Horbat Pezelet was damaged several times during construction. As a result, a number of excavations were conducted, in which two MB 2 tombs were discovered (Gershuny and Aviam 2010), as well as a wall that might be a city wall dating from the EB 2 (HA-ESI 122; Permit No. A-4065) and five built tombs (HA-ESI 121) were exposed. Sherds from the following periods were also found: the Early Bronze, MB 2, Iron, Persian through Byzantine and Mamluk.

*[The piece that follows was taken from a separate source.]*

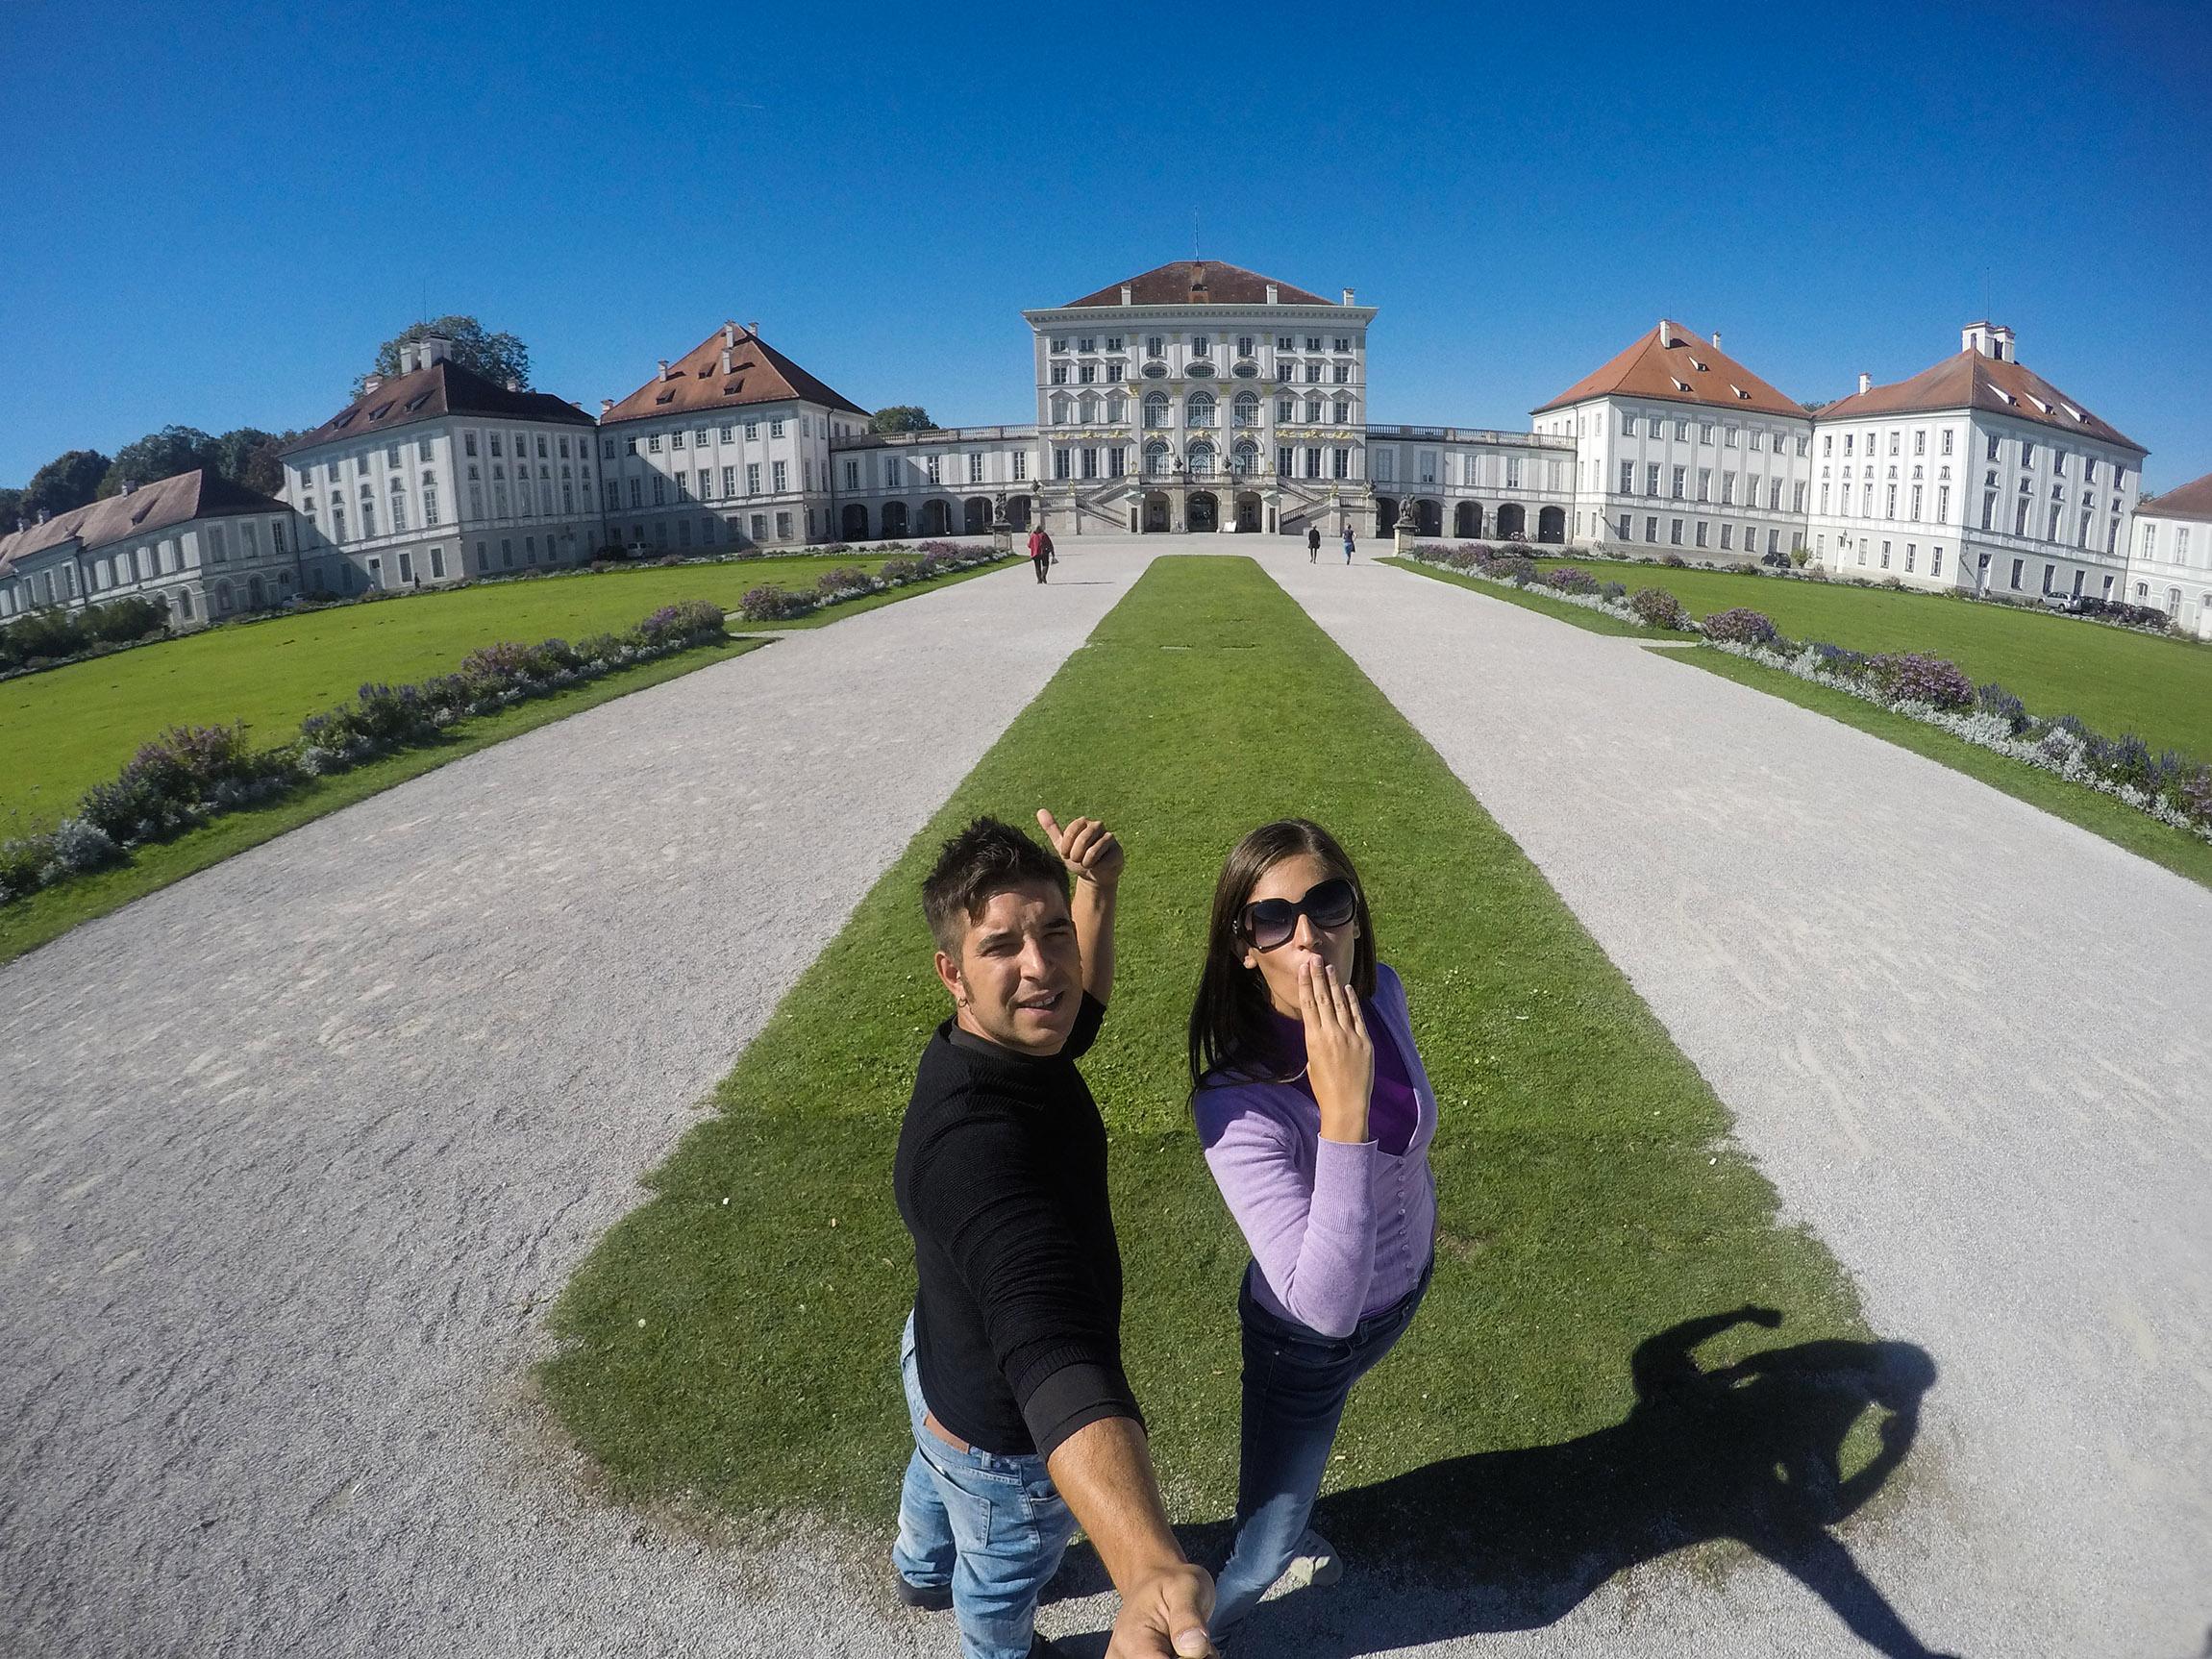 Il Palazzo di Nymphenburg - Monaco di Baviera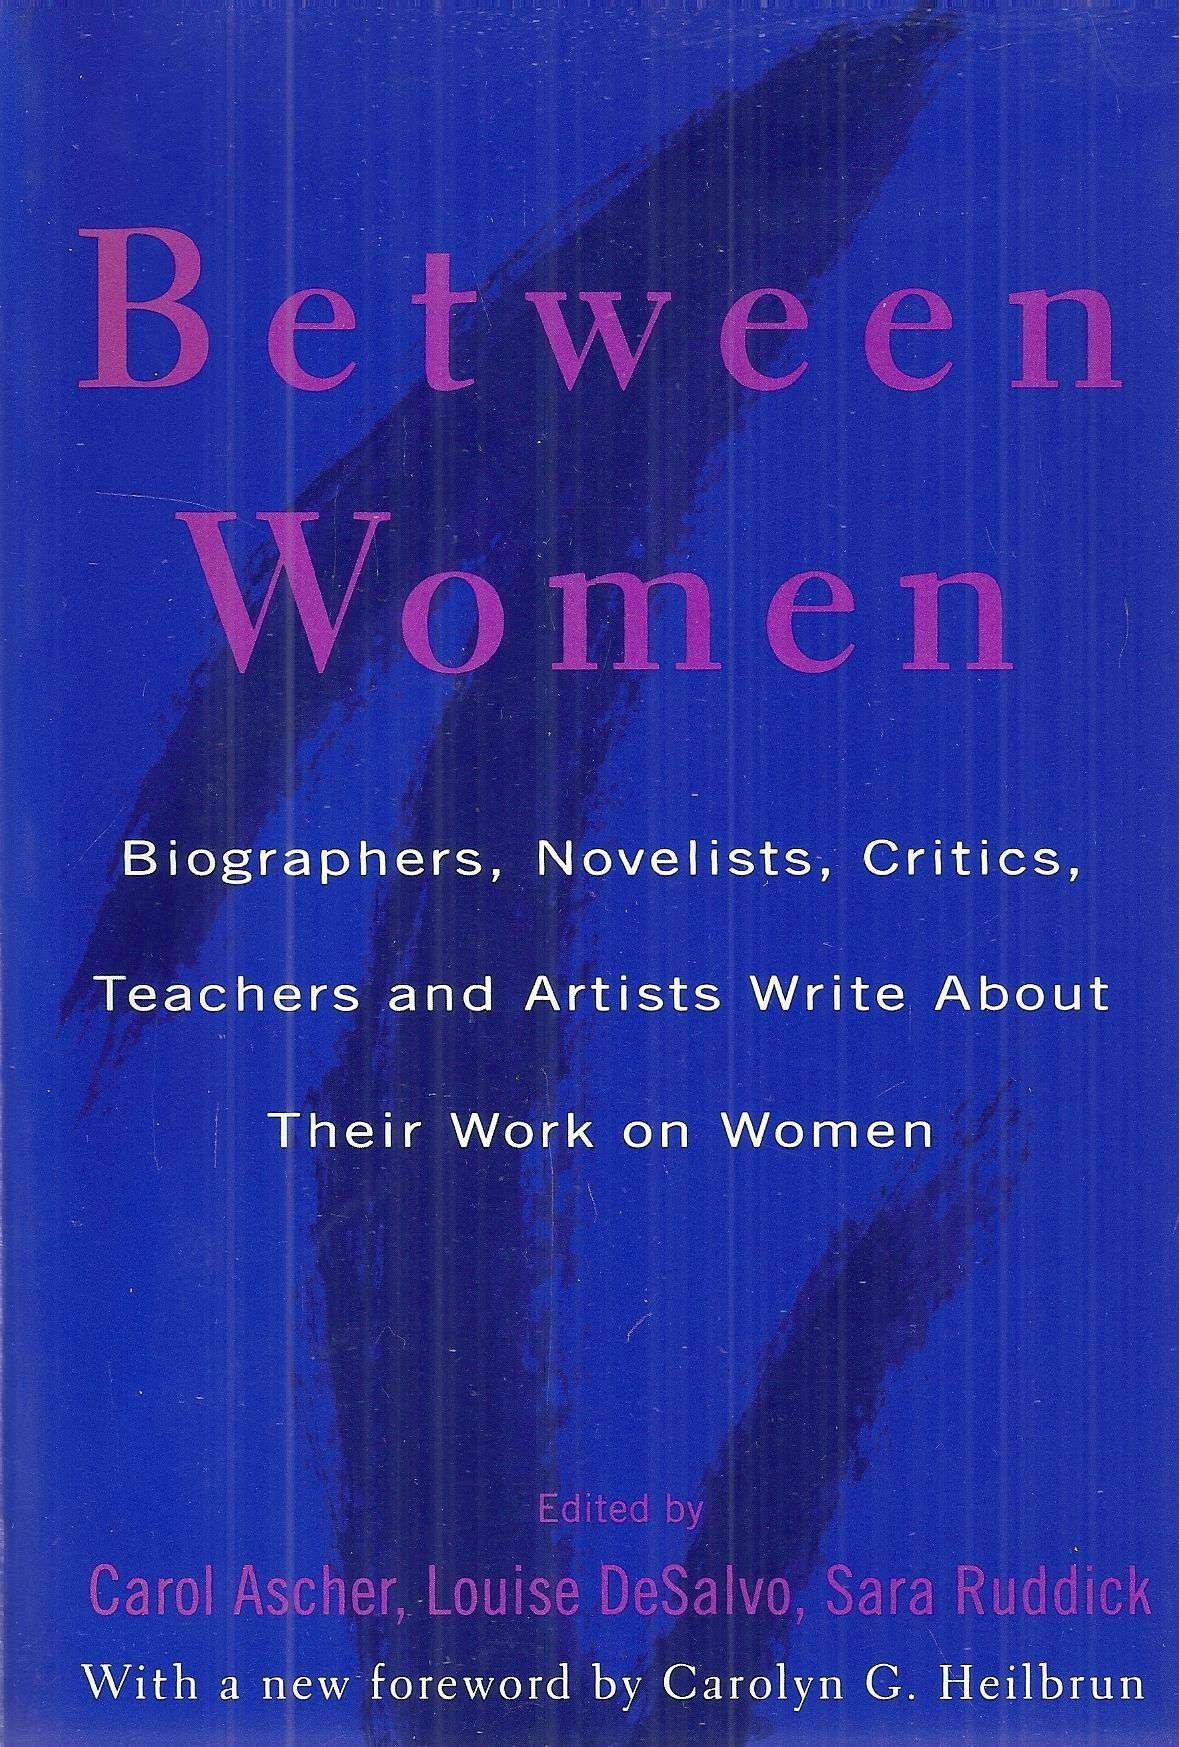 Between Women: Biographers, Novelists, Critics, Teachers and Artists Write about Their Work on Women

In the current survey the northern boundary of Horbat Pezelet was identified. It was impossible, however, to demarcate with certainty its southern boundary, despite the excavations and surveys carried out in the area.
 
Horbat Ram
The site is located west of Fassuta and east of Birkat Fassuta. Local residents refer to the place as Tatrama or Tarami, probably a corruption of the name Tayretrame from the Crusader period. Antiquities documented at the site include a rock-cut burial(?) cave that cut through an agricultural installation, building foundations, cisterns, rock-cut tombs and an olive press, as well as stone heaps and tesserae. The collected pottery suggests the place was settled during the Roman and Byzantine periods.
 
 Horbat Ram (East; es-Samarra)
The site is located east of Horbat Ram. It includes remains of large buildings, walls (maximum length c. 15 m, height c. 2 m; Fig. 3) built of ashlars (c. 0.5×1.3 m), cisterns and threshold stones. The pottery indicates that the site was settled during the Roman, Byzantine, Early Islamic, Crusader and Mamluk periods.